I bought a couple of tin snips and they both have small teeth on the cutting blade (serated). I don't want to have a sharp teeth like texture after I have cut the metal sheet, so what tool do I use instead? One of the snips I bought was this one:

www.amazon.com/gp/product/B008FWJAOW/


And I am trying to cut the following:

www.amazon.com/gp/product/B000Y4N0U4/


If anyone can provide a link to a tool that will do a smooth cut, that would be great.


----------



## PoleCat (Sep 2, 2009)

Without those teeth the metal gets squeezed out of the blades rather than cut. That is why they are there. A metal shear will make a clean cut but it is still sharp enough to lay you open.


----------



## rkj (Nov 6, 2013)

so what do I do with the teeth pattern left behind? Wouldn't the teeth like pattern hurt someone later on?


----------



## dftc (Nov 12, 2012)

Even without the small serrations your cut sheet metal is going to be extremely sharp. You can smooth it out with a file or something like that, or better yet, design your project so the cut edge isn't exposed.


----------



## SeniorSitizen (Sep 10, 2012)

Have you made a trial cut on anything with them?


----------



## rkj (Nov 6, 2013)

I tried with the other snips, and it did leave teeth marks behind. I noticed that the snips I used had larger gaps between the teeth, so I will try this other one soon and see how it goes.


----------



## rkj (Nov 6, 2013)

Just tried the other ones, and the it left marks that are much finer than the previous one.


----------



## yuri (Nov 29, 2008)

The better Pro snips by Wiss or Malco don't have serrated teeth. Those teeth are not needed. The metal will still be sharp even with Pro snips. If you are only using them rarely then get 400 or 800 Emory sandpaper and smooth the edges.

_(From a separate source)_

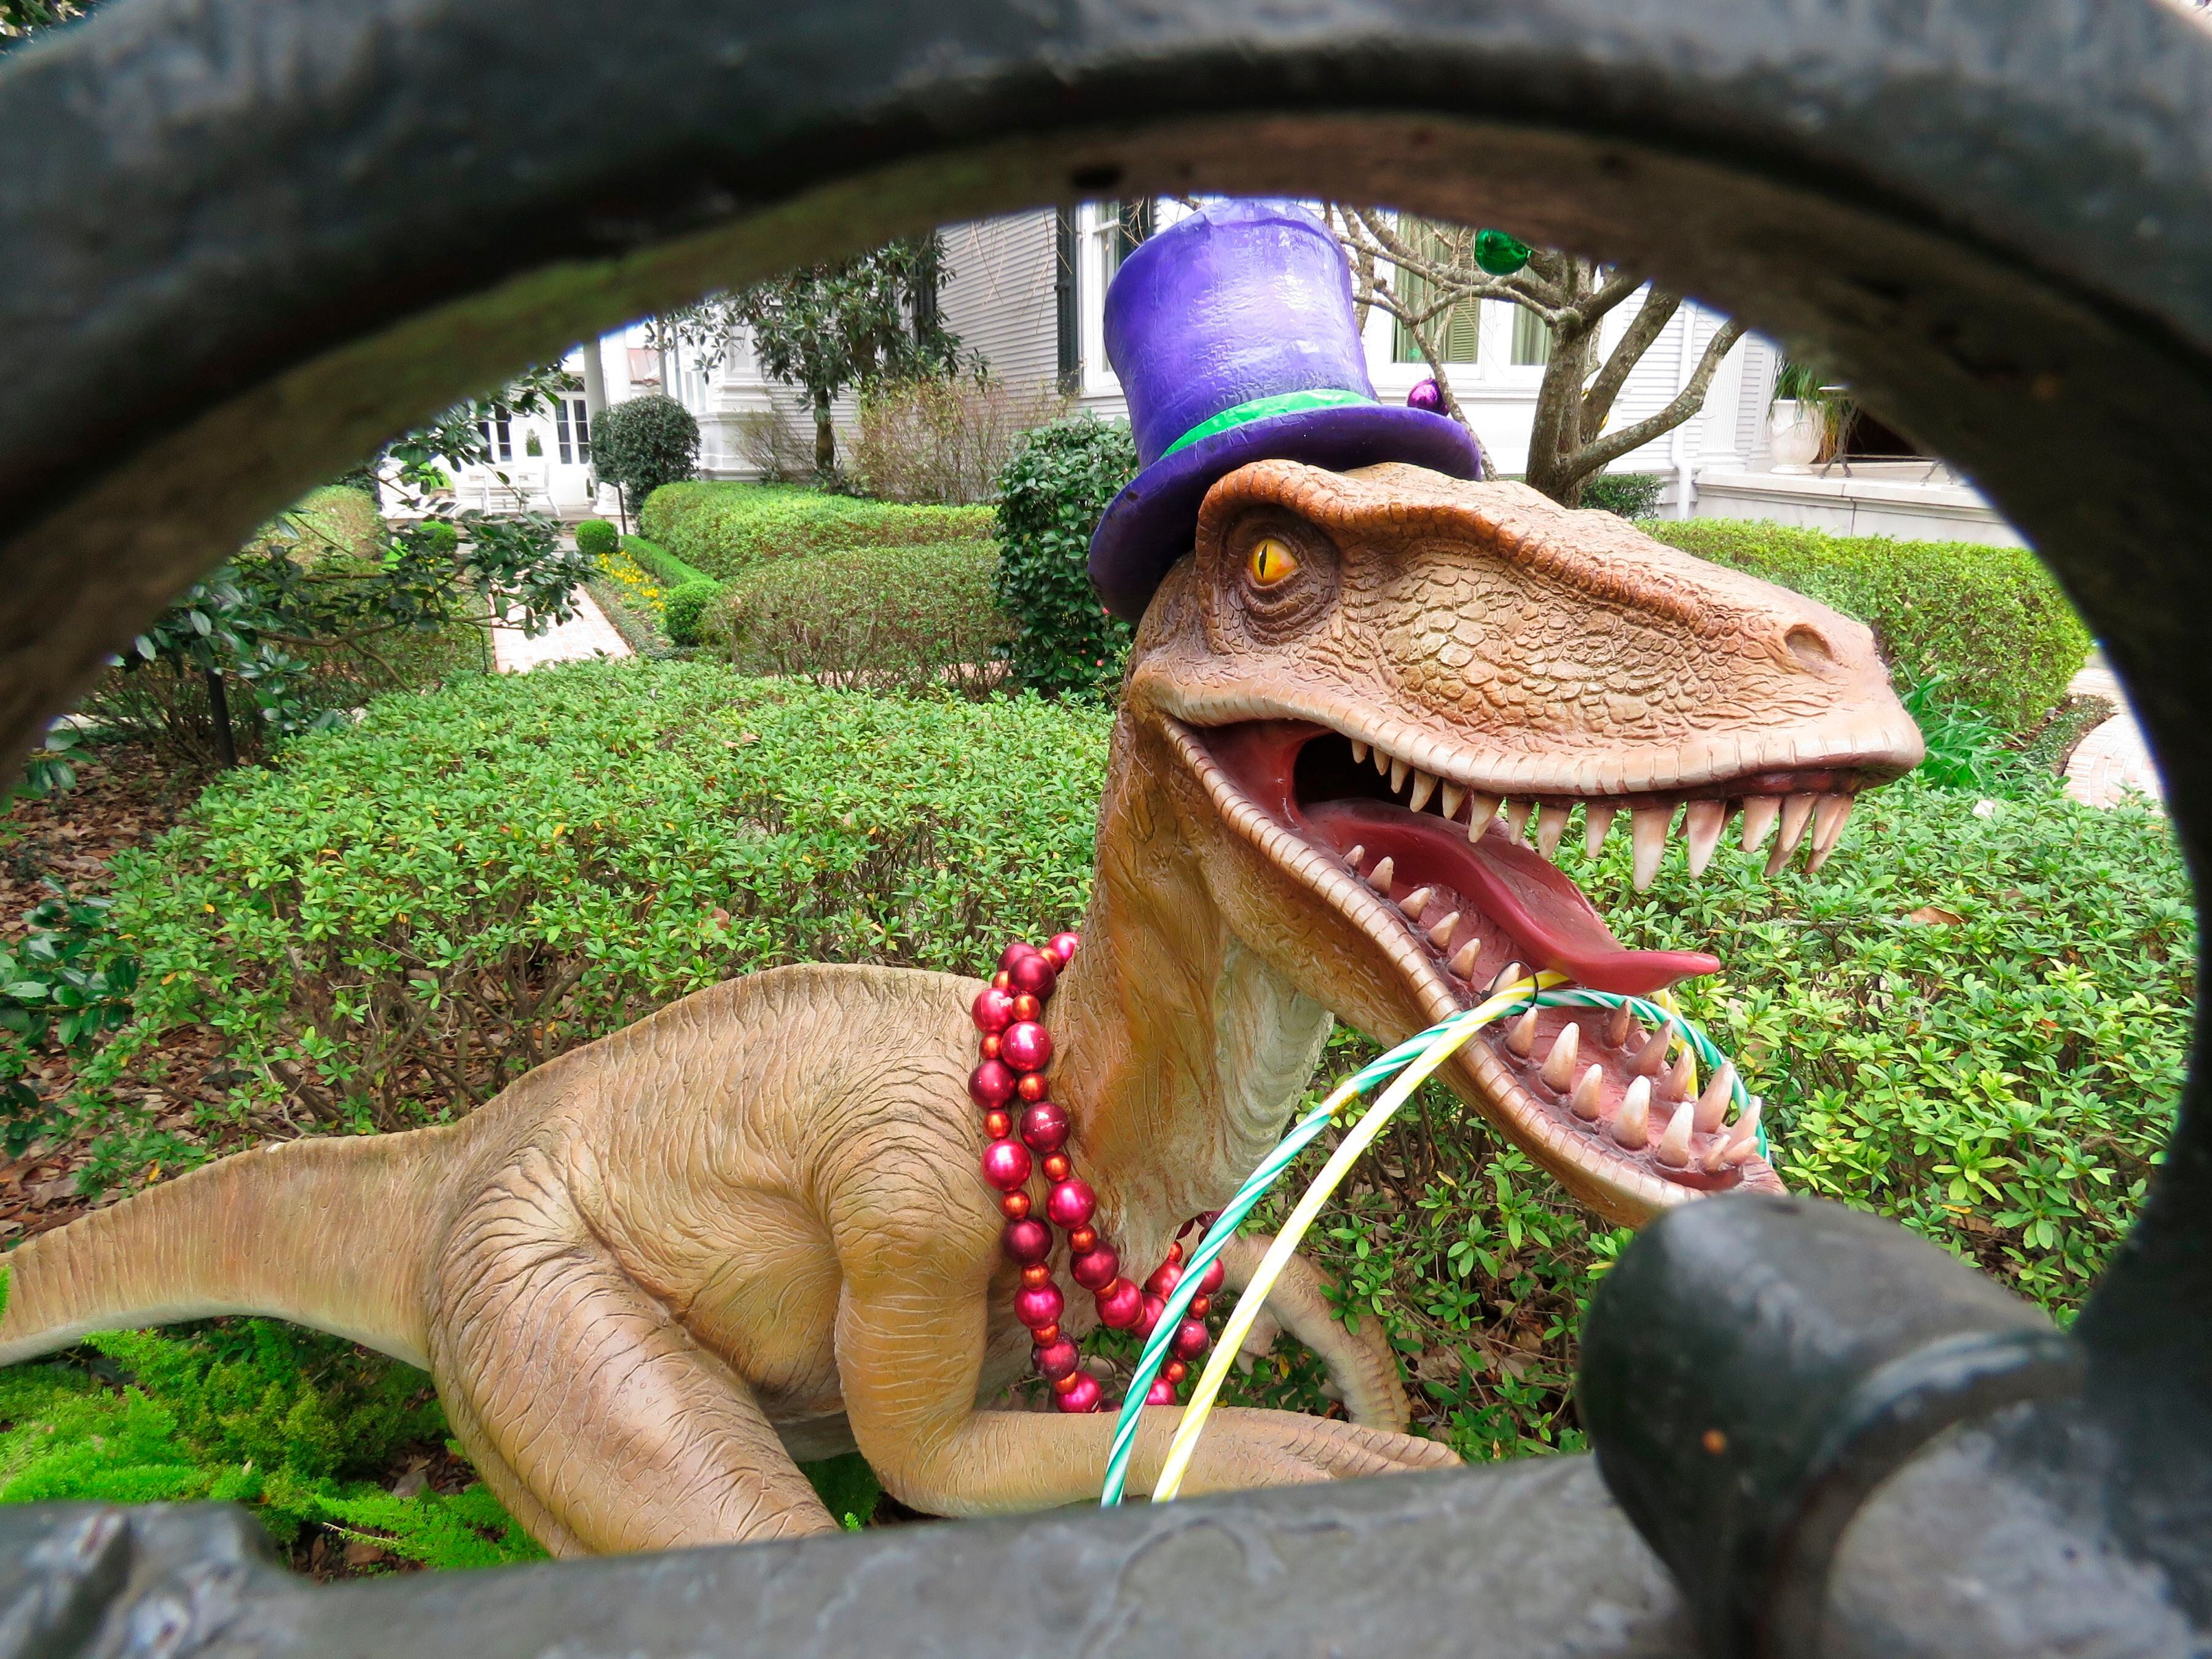 Un enorme dinosaurio ensombrerado decora una mansión en la avenida St. Charles de Nueva Orleans el martes 26 de enero de 2021. Con la cancelación de los tradicionales desfiles de Mardi Gras debido a la pandemia de coronavirus, miles alrededor de la ciudad han decorado sus casas para celebrar el Carnaval. (AP Foto/Janet McConnaughey)

http://malcoproducts.com/product/hvacr/metal-duct/hand-snips-c/aviation-snips-avs


----------



## scottktmrider (Jul 1, 2012)

Not sure exactly what thickness that sheet is but if its thin you can set up a straight edge and score it with a blade than bend it till it comes apart
If you hold your snips correct you won't get the teeth marks


----------



## rkj (Nov 6, 2013)

yuri said:


> The better Pro snips by Wiss or Malco don't have serrated teeth. Those teeth are not needed. The metal will still be sharp even with Pro snips. If you are only using them rarely then get 400 or 800 Emory sandpaper and smooth the edges.
> 
> http://malcoproducts.com/product/hvacr/metal-duct/hand-snips-c/aviation-snips-avs


Thanks, I think I may try those instead.


----------



## 47_47 (Sep 11, 2007)

Your sheet is only .019" thick. You could probably use a straight edge and cut it with a sharp utility knife. Make your first pass light and gradually increase the pressure.


----------